Fig. 2: Prediction accuracy of the BLUP models by training set (TS).

Models were fitted using different genetic relationship matrices (G, K₁, K₂, K₃, or K_A). TSs consisted of all the data from the single cycles 2019, 2018, or 2017 alone (top-left panel), or in combination with a proportion (5% = 25, 10% = 49, 15% = 73) of the data from the 2020 cycle. The prediction set consisted of 413 genotypes (representing the 85%) from the 2020 cycle that were not used for model training. Trait GY, optimal environment.

Higher prediction accuracies are achieved when using only the most recent previous generation (cycle 2019) as a training set (see the top panel in Fig. 2); this was expected as the number of parents shared between the prediction cycle 2020 and other cycles (Fig. 1C) was larger for cycle 2019 (11 parents) than with previous cycles (3 parents shared between cycle 2020 and either cycle 2018 or 2017).
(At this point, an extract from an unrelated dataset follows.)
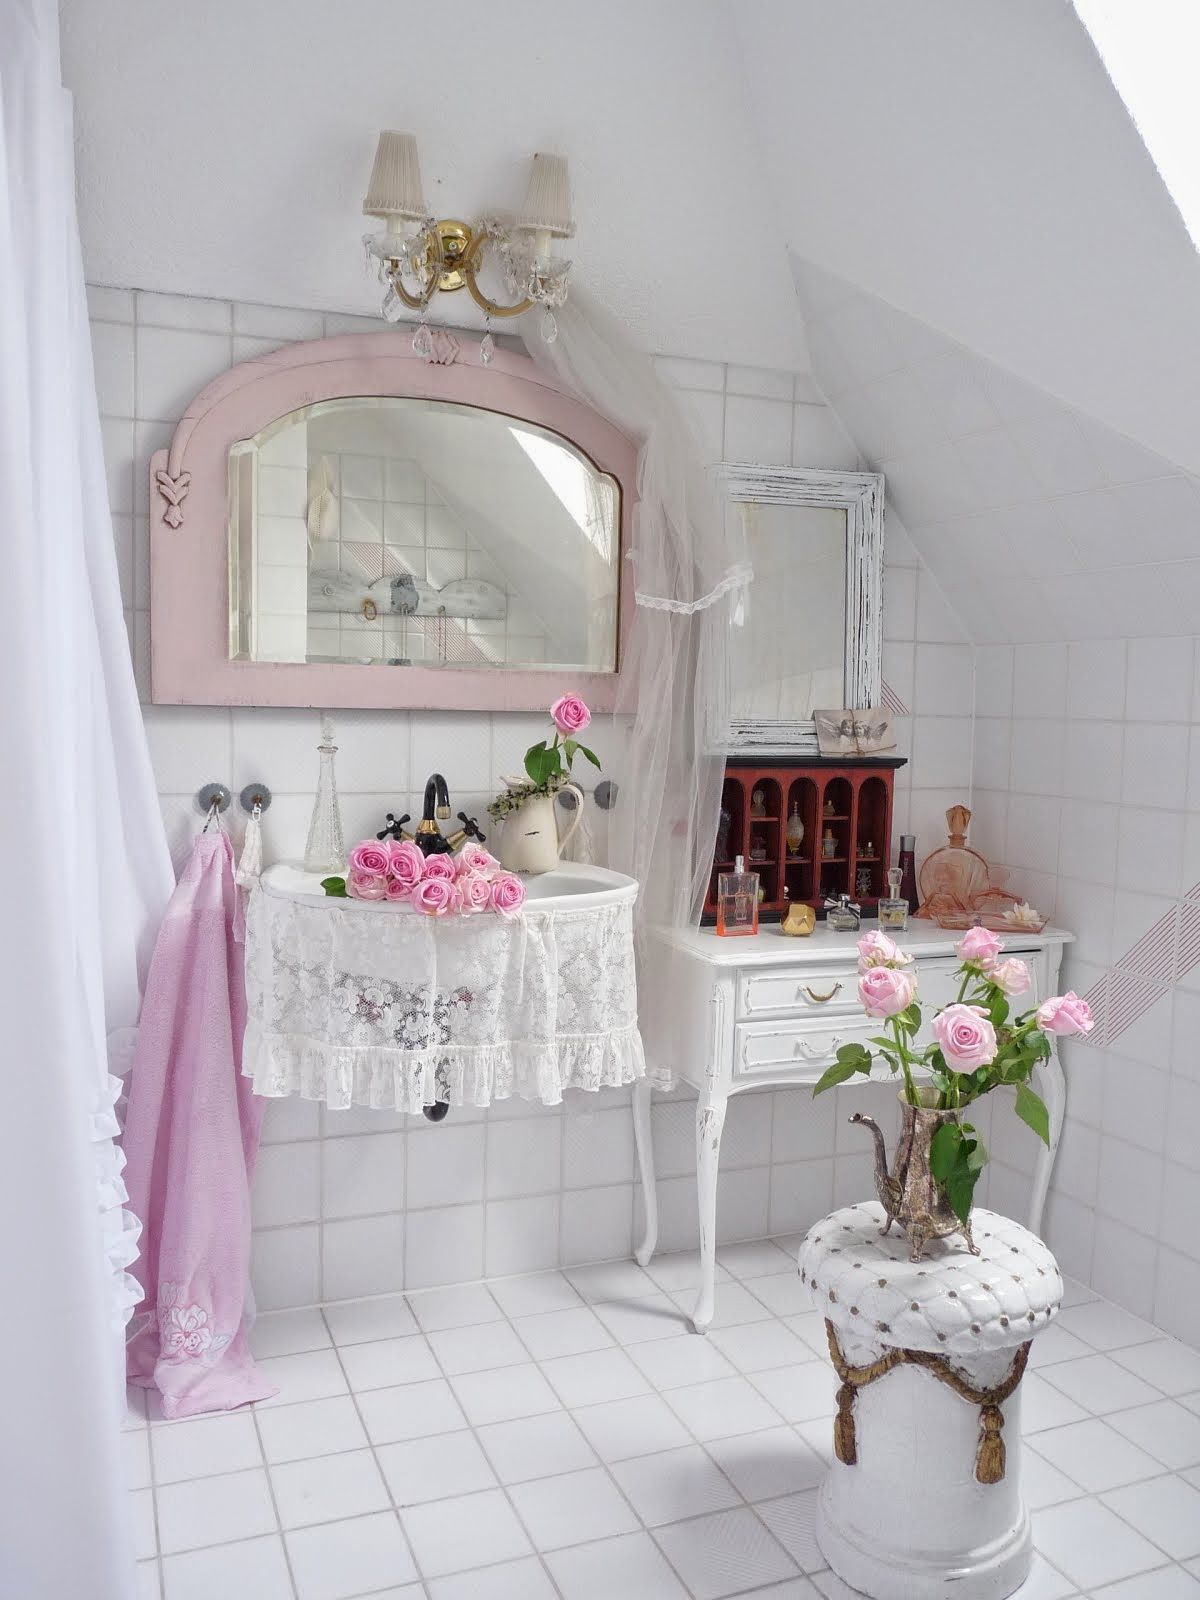 Shabby Chic | Vintage | Pinterest | Shabby chic, Badezimmer und ...
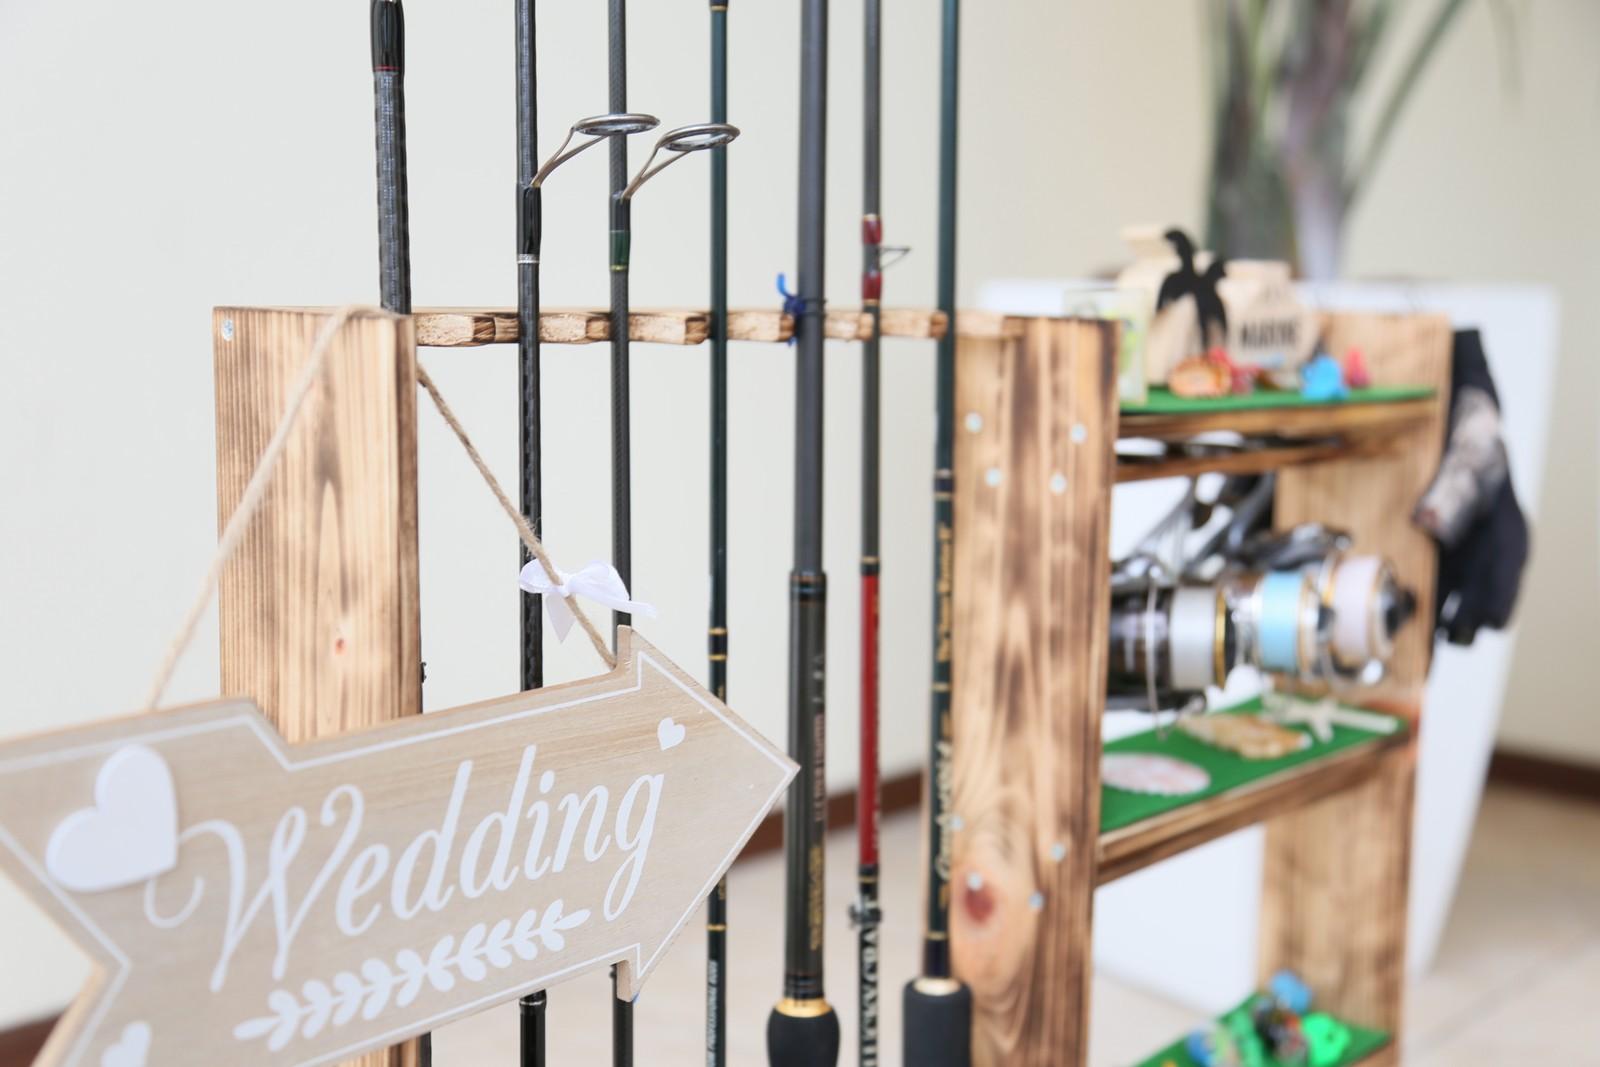 徳島市の結婚式場ブランアンジュで新郎様の趣味の釣りを取り入れたウェルカムグッズ

However, older generations (2018 or 2017), when combined with data from 2020, provided similar or even better predictions. For instance, the BLUP models trained with 2017 (plus 15% of the 2020 cycle) data yielded accuracies that are 0.02–0.04 points (in the correlation scale) higher than that of models trained with 2019 plus 15% of the 2020 data (see the bottom panel in Fig. 2).

The results when cumulated previous years (2018+2019 and 2017+2018+2019) were used as a training set to predict 2020 are also shown in Fig. 2. The highest prediction accuracies were obtained when using one generation back (i.e., cycle 2019 alone) as a training set. The inclusion of older generations in the training set did not increase but rather reduced the accuracy, compared with using only one generation back (Fig. 2). For instance, using 2018–2019 as a training set, the accuracy of the GBLUP model showed a reduction of 5–6% (0.01–0.03 points) relative to when using 2019 alone. Using three generations back (2017–2019) for model training yielded a decrease of 15–30% (0.05–0.08 points) in the accuracy. The same patterns were also observed for GY-drought (Figure S1) in which the accuracy of the models was reduced by 12–60% (0.04–0.17 points, relative to when using 2019 alone as a training set) as more older generations were cumulated in the training set.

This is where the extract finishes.